What you have to do: Omit the pictures and return every entry exactly as written.

========================================

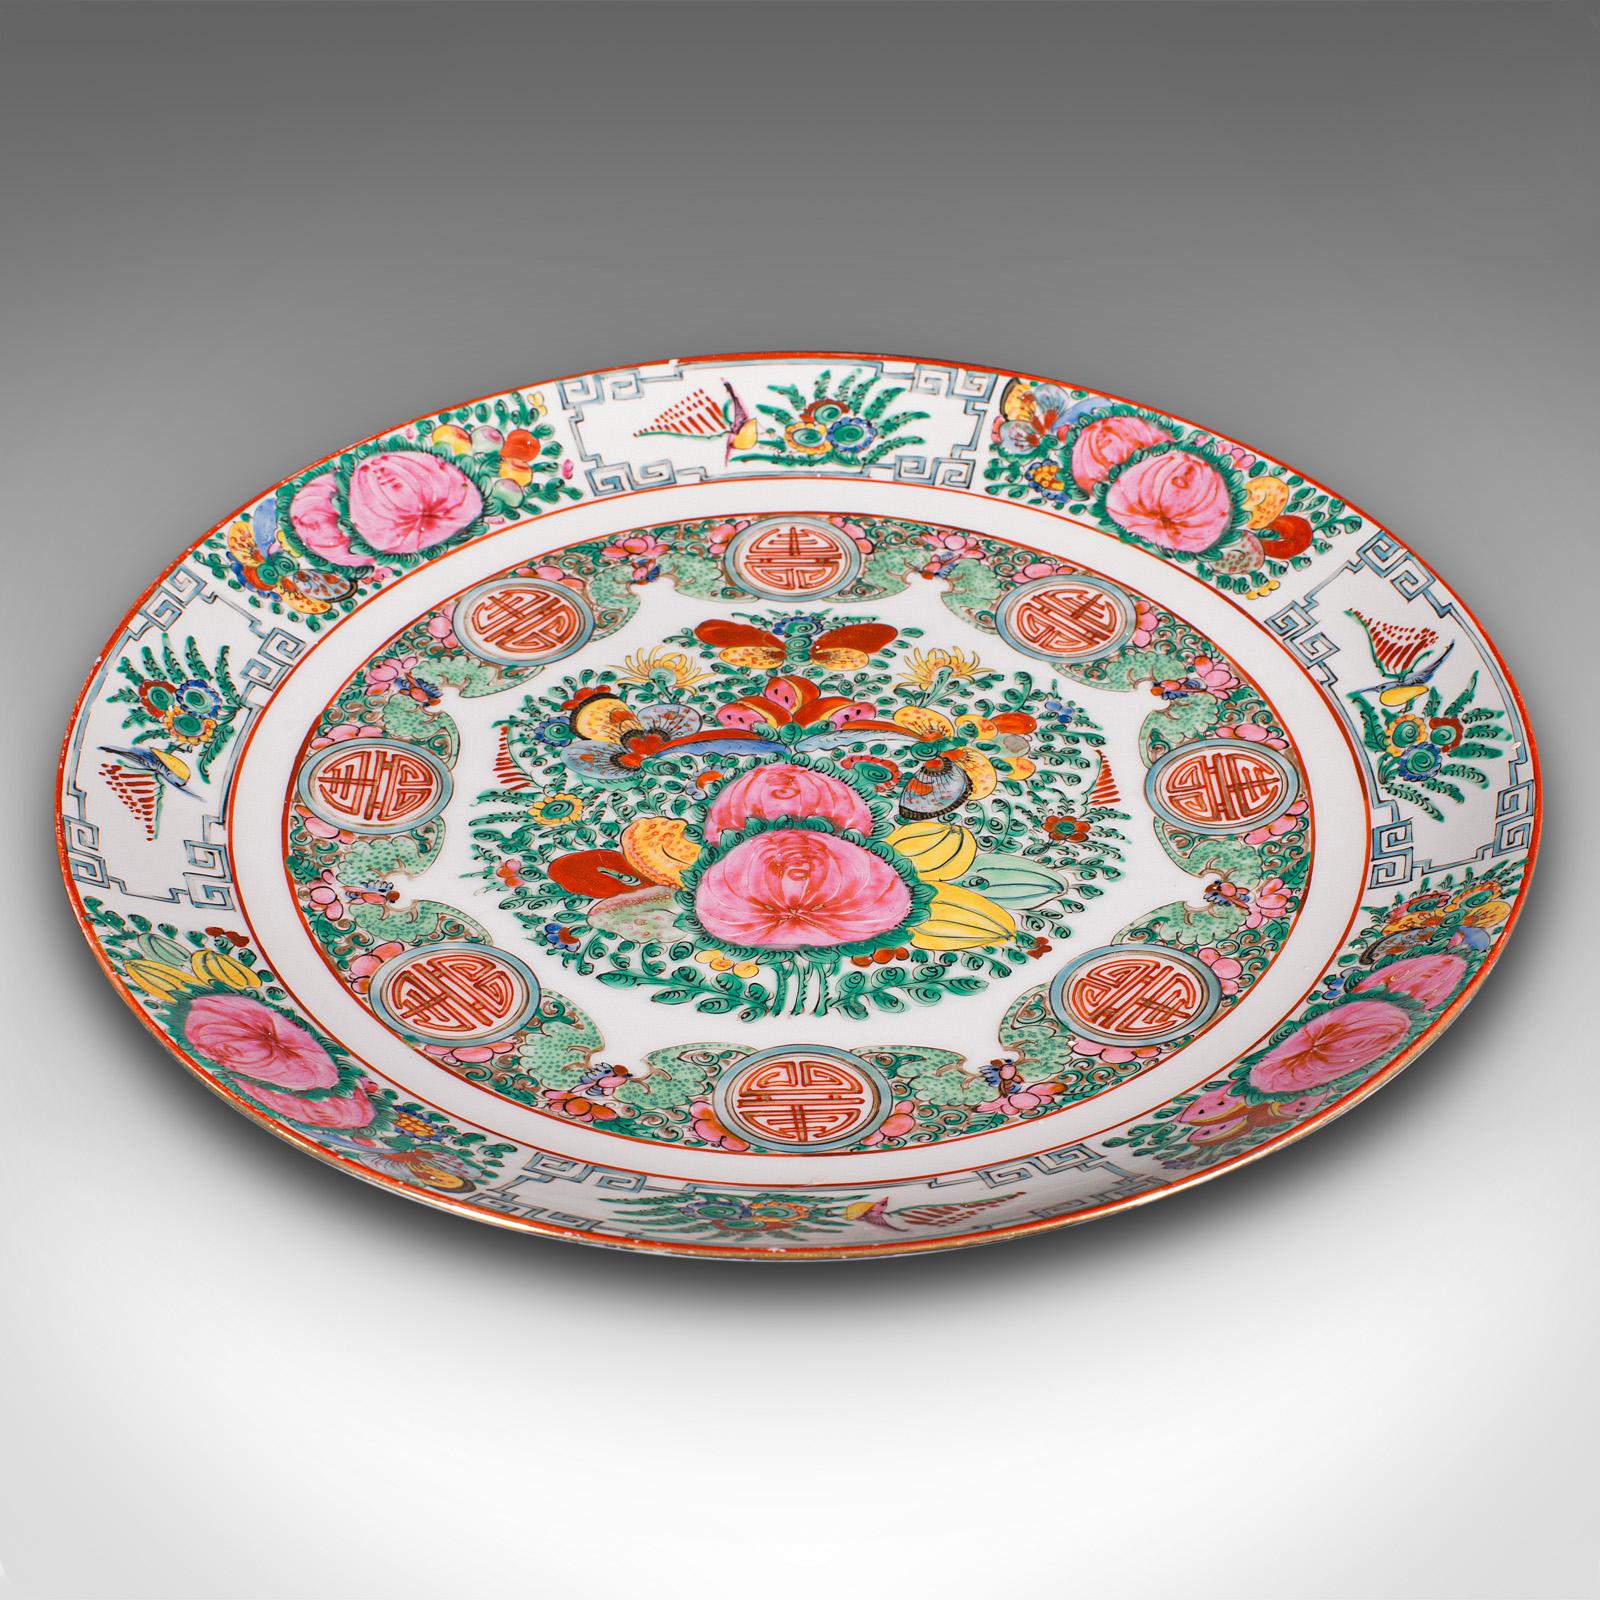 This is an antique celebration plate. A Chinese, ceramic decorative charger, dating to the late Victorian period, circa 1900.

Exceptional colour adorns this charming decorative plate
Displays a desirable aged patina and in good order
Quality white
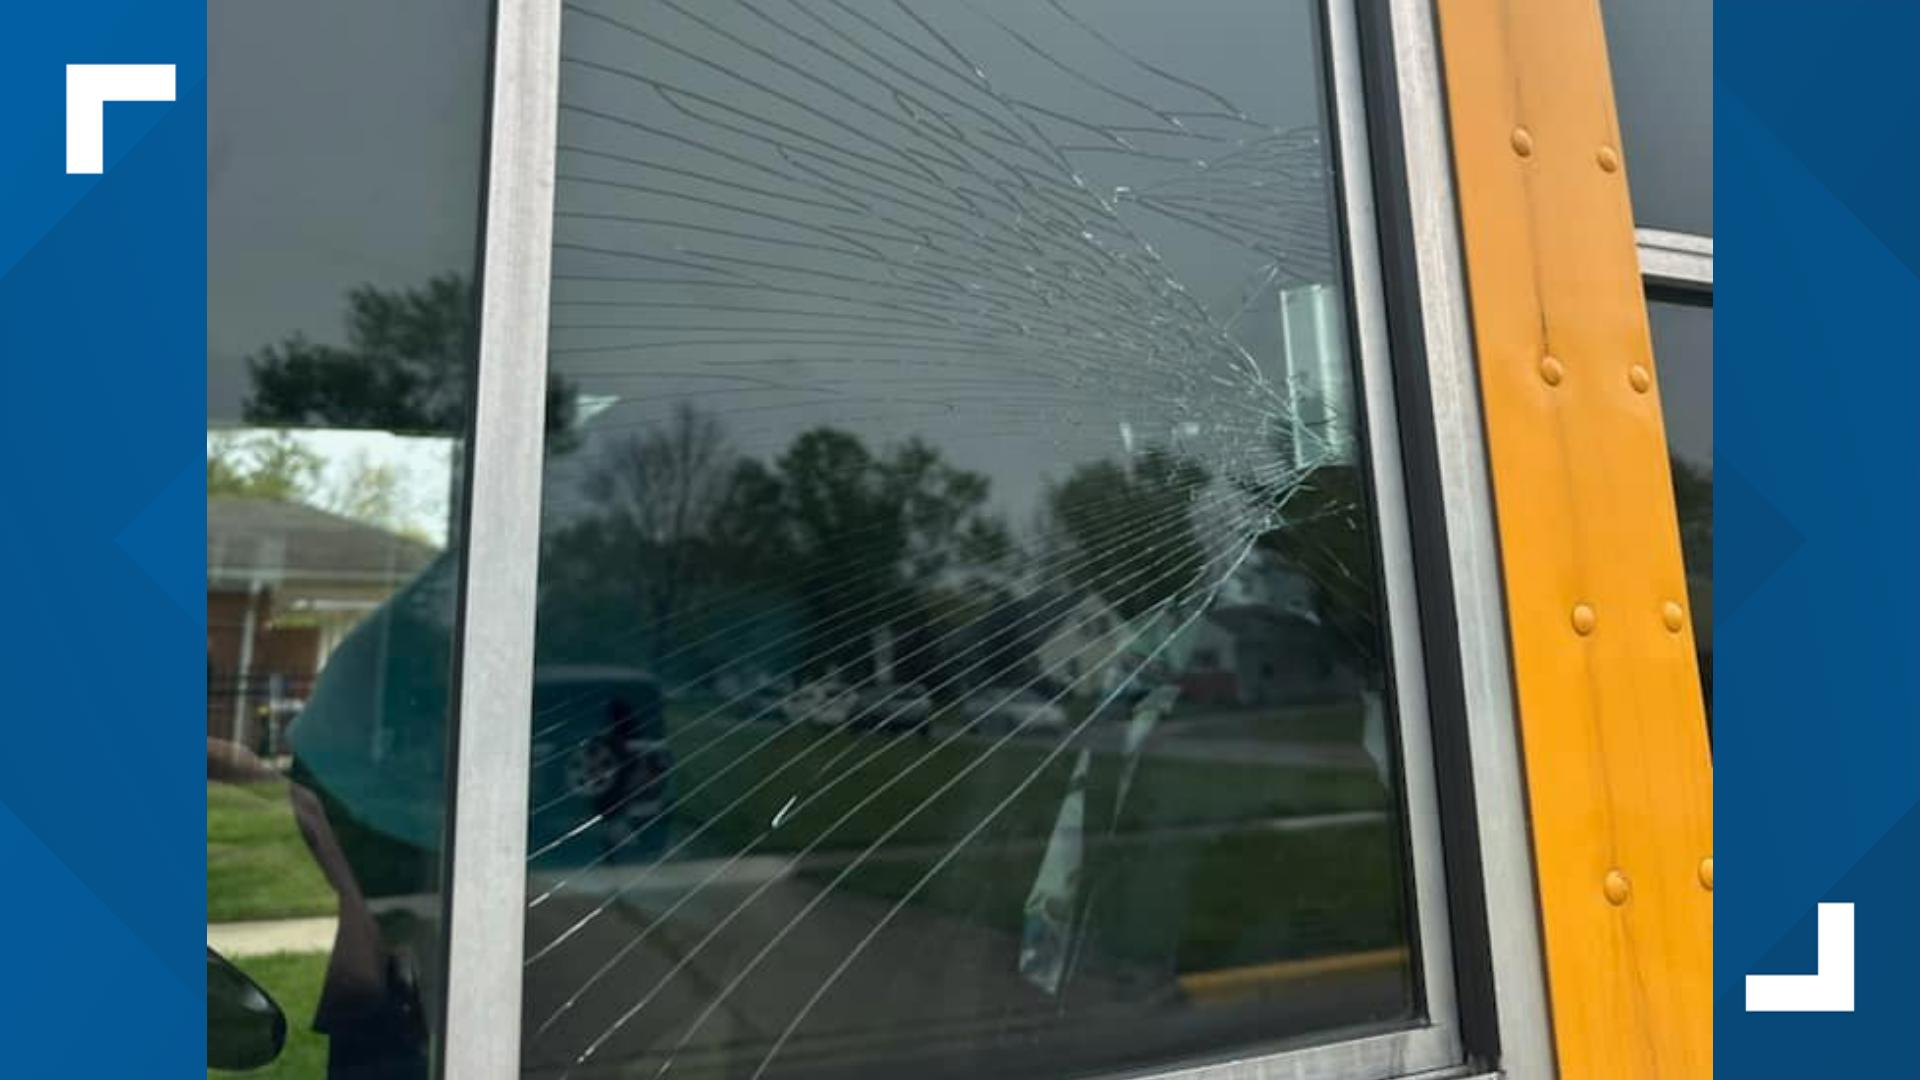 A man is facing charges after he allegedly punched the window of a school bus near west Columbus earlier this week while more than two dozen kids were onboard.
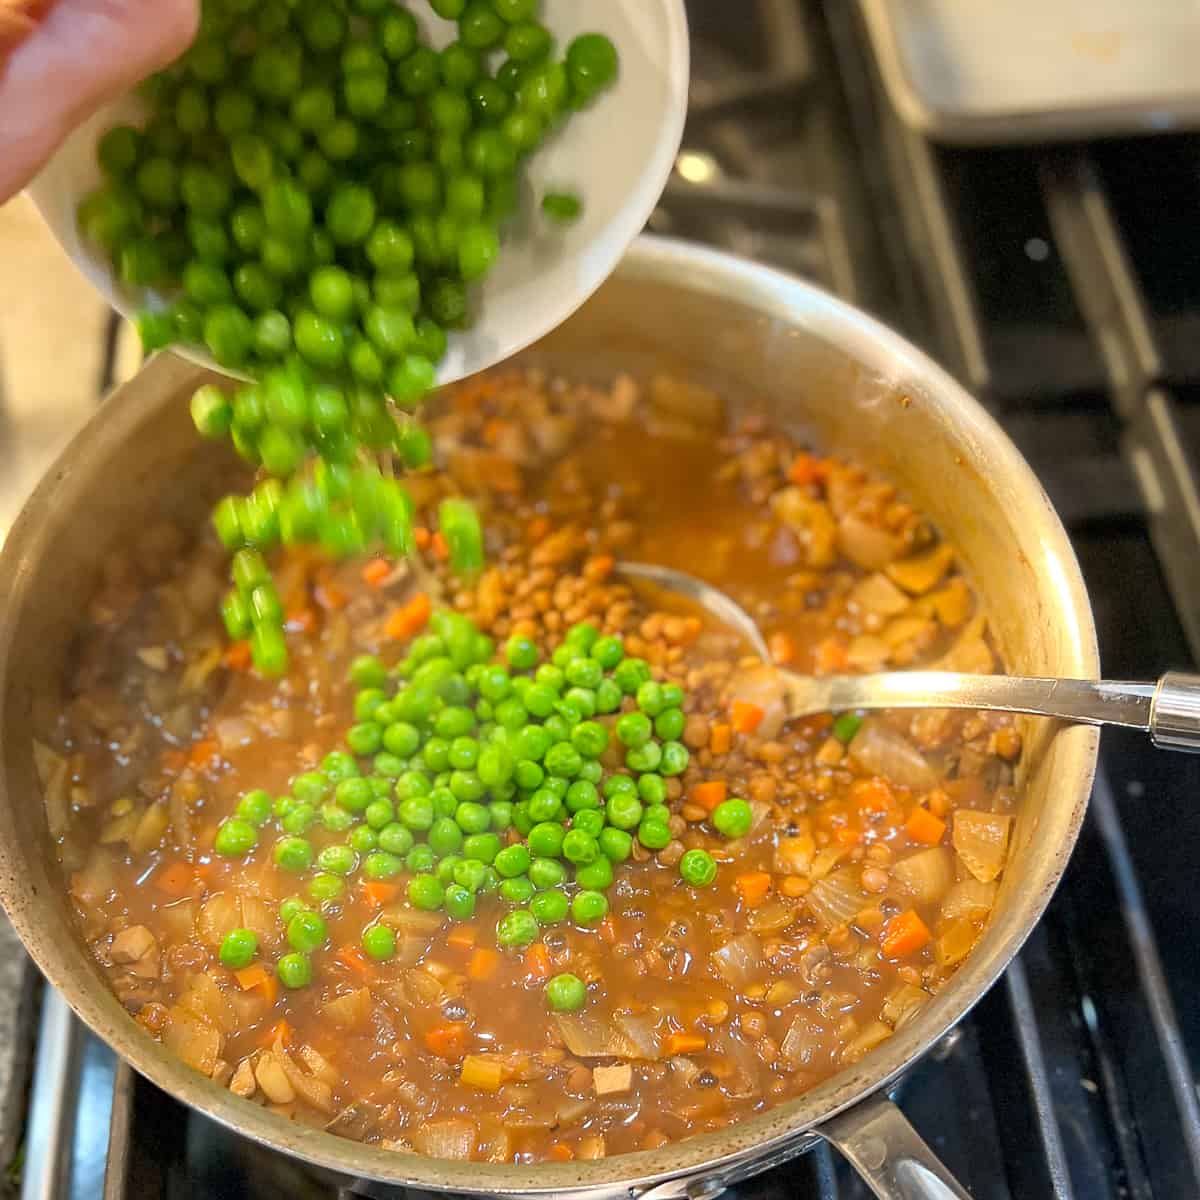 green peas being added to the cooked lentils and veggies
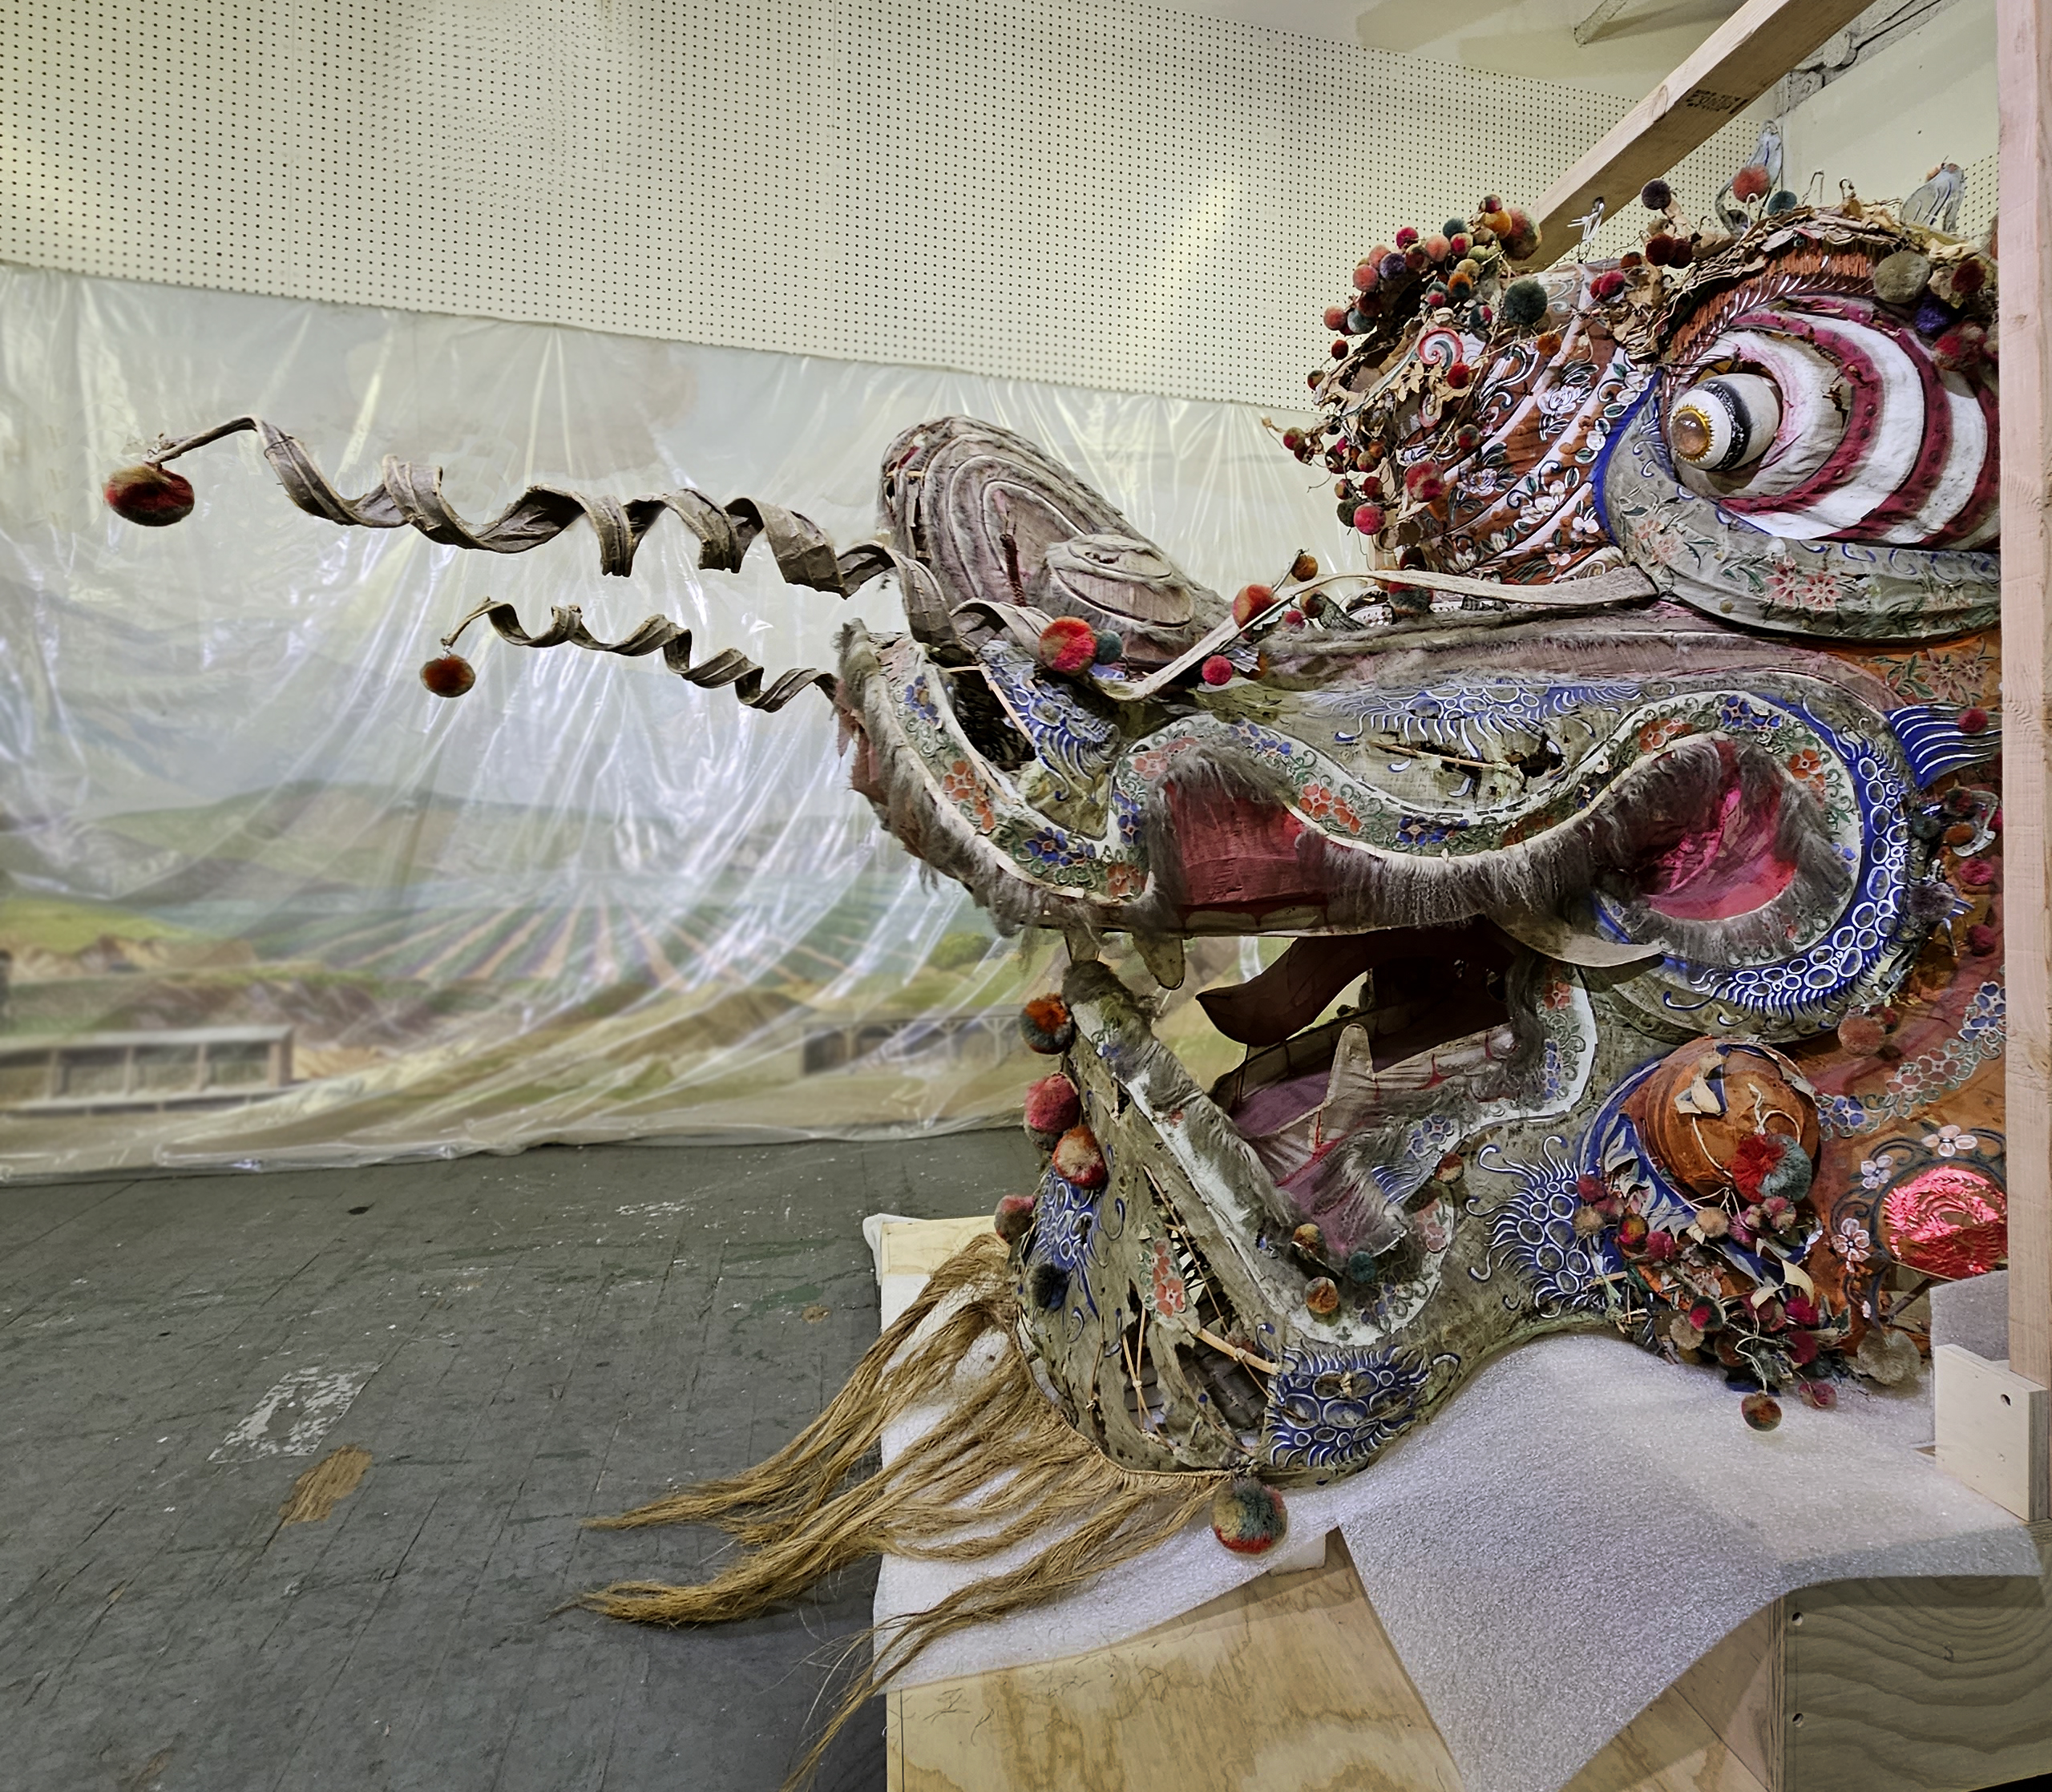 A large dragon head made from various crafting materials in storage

========================================

Response:
 This is an antique celebration plate. A Chinese, ceramic decorative charger, dating to the late Victorian period, circa 1900.

Exceptional colour adorns this charming decorative plate
Displays a desirable aged patina and in good order
Quality white
 A man is facing charges after he allegedly punched the window of a school bus near west Columbus earlier this week while more than two dozen kids were onboard.
 green peas being added to the cooked lentils and veggies
 A large dragon head made from various crafting materials in storage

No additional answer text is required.